◆ Work request:
Copy the listing below exactly, but skip the pictures.

◆ Material provided:
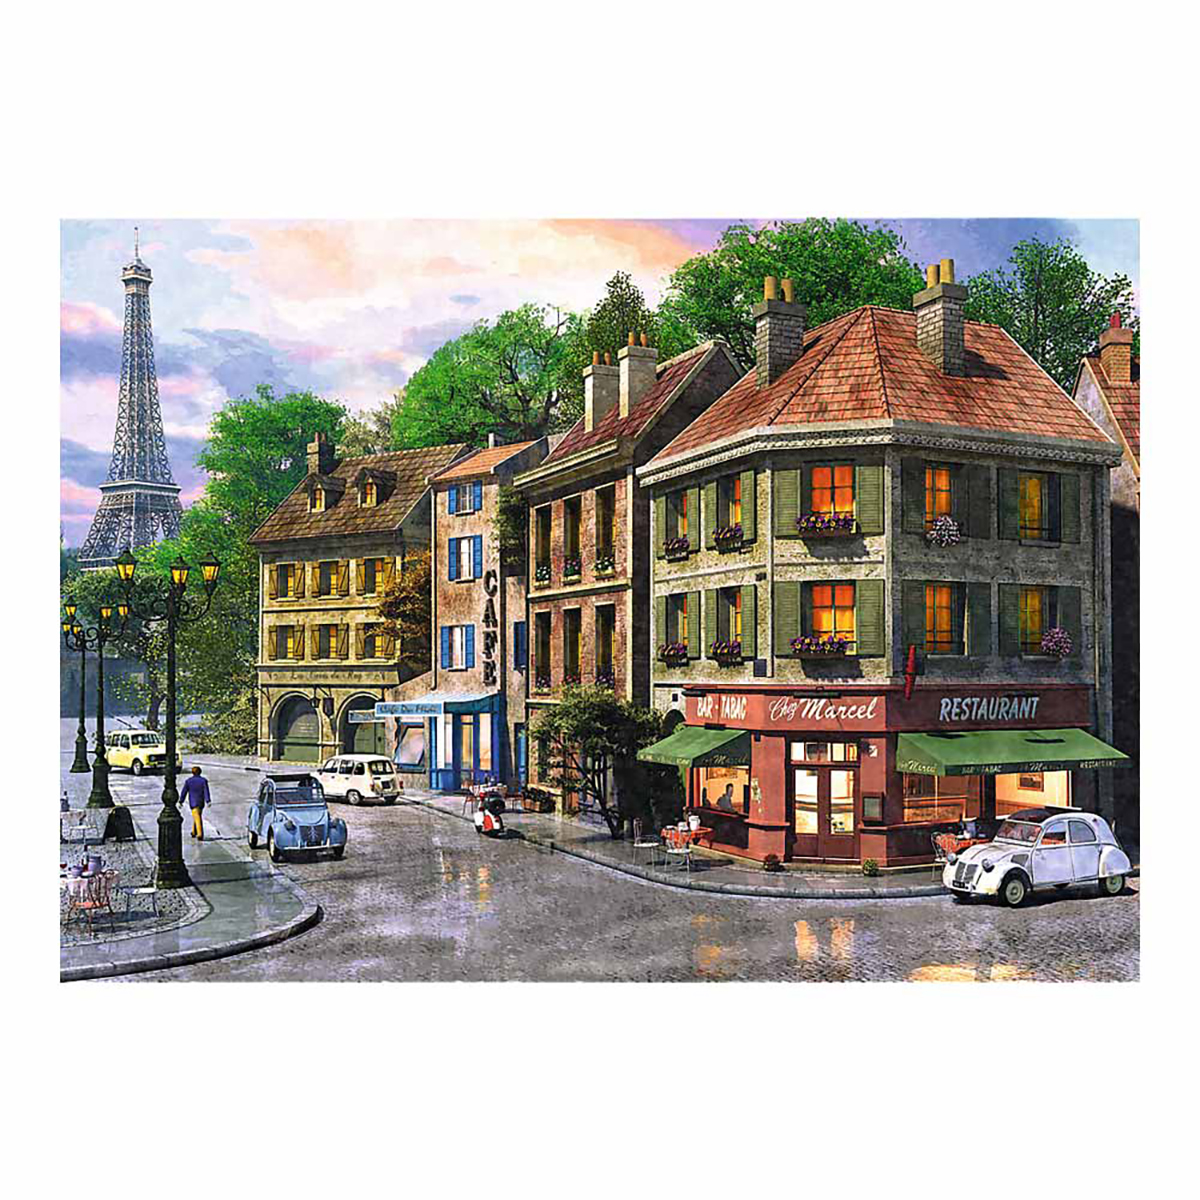 TREFL StraÃŸe Teile in Puzzle 6500 Paris Puzzle - 1 - 6000
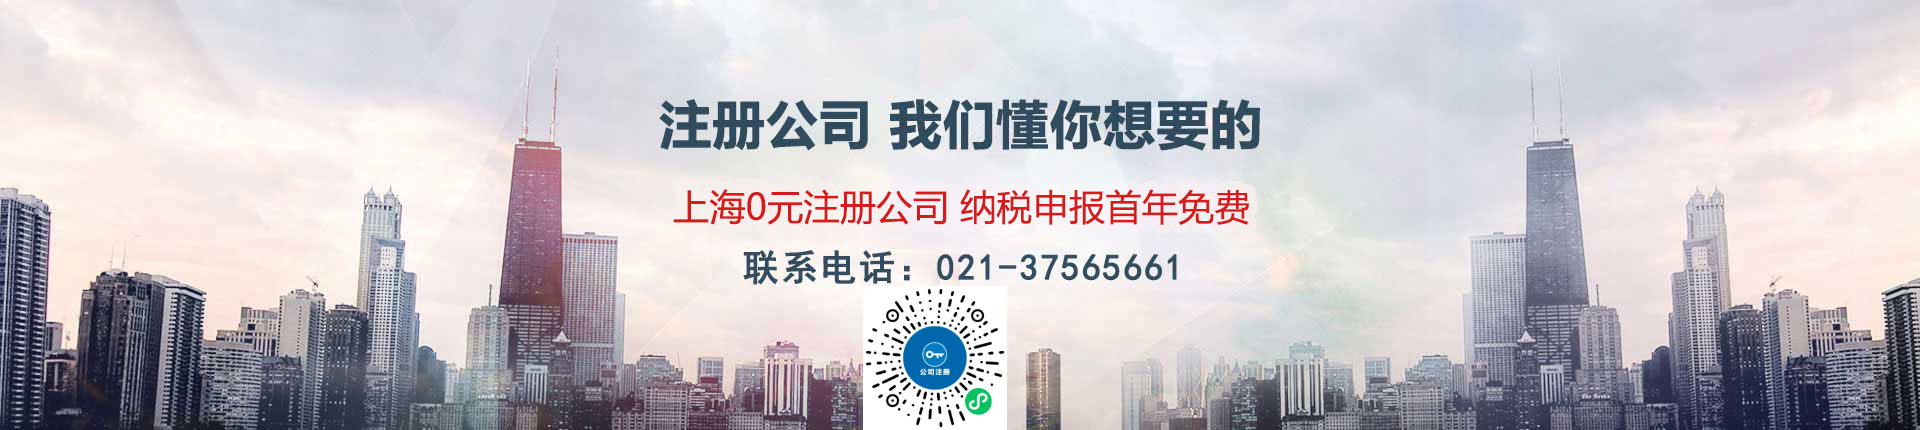 上海注册公司代办微信小程序
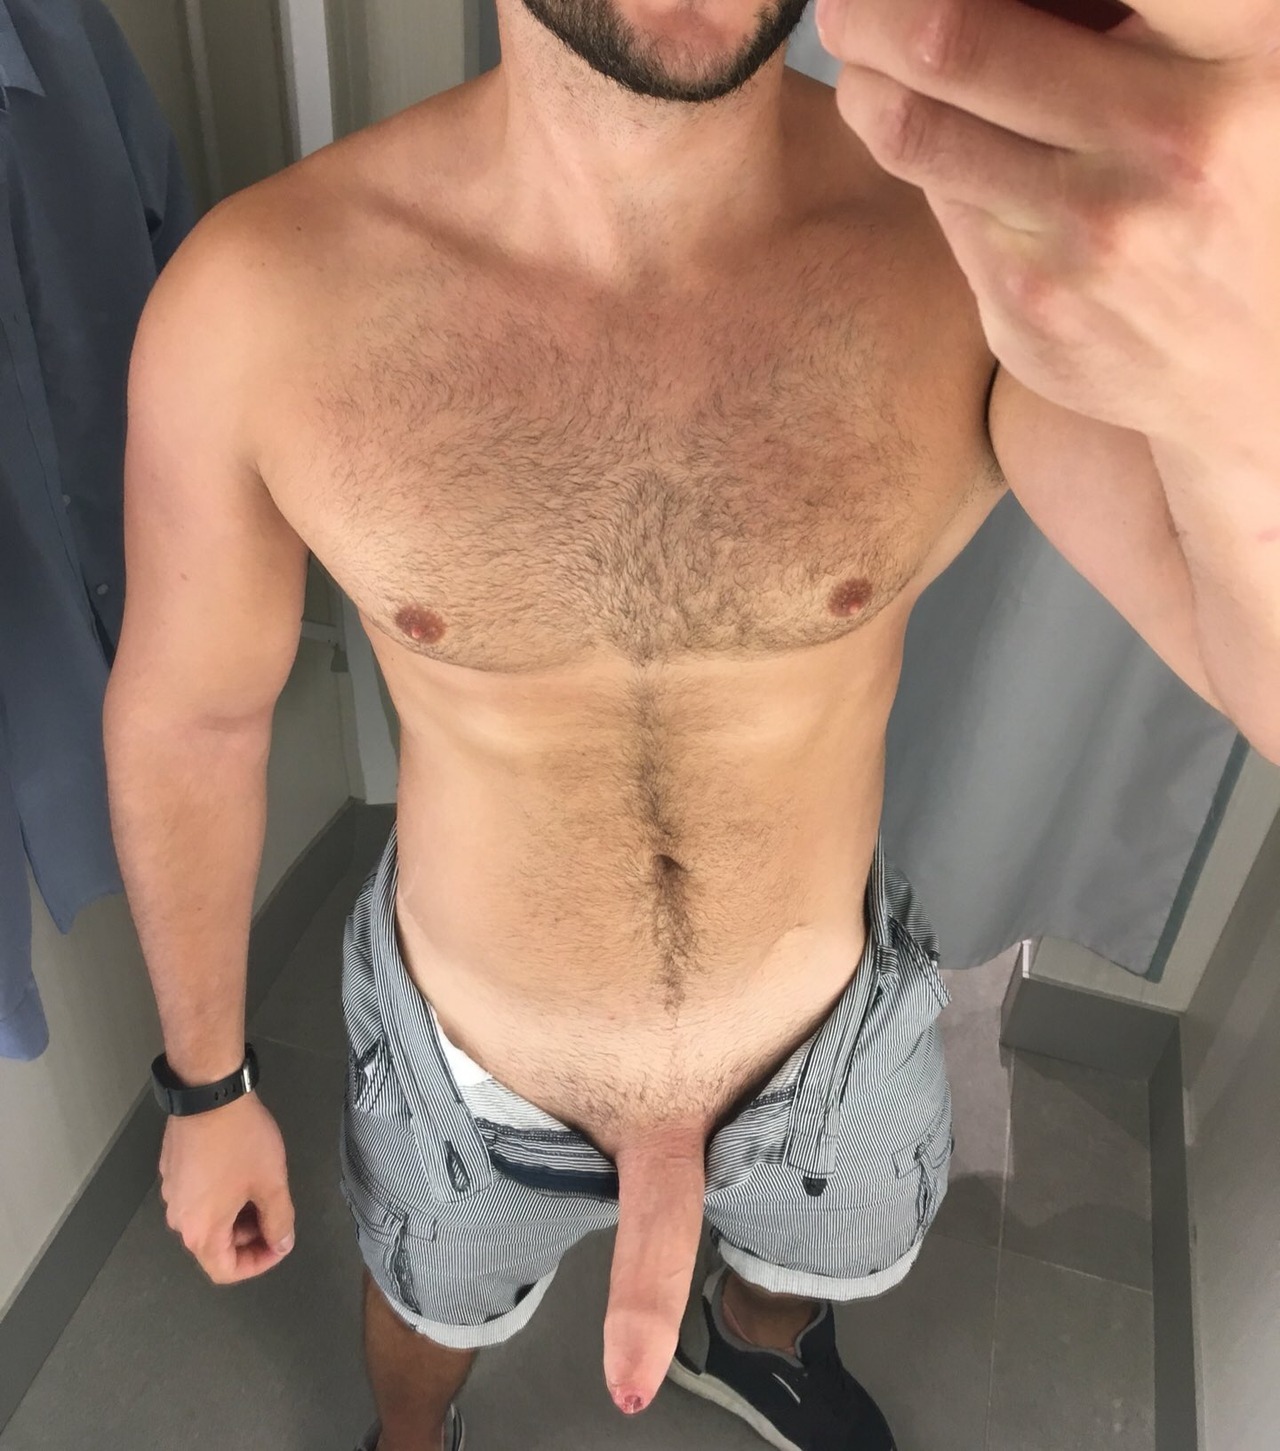 boner straight guy naked selfie

◆ Answer to this exercise:
 TREFL StraÃŸe Teile in Puzzle 6500 Paris Puzzle - 1 - 6000
 上海注册公司代办微信小程序
 boner straight guy naked selfie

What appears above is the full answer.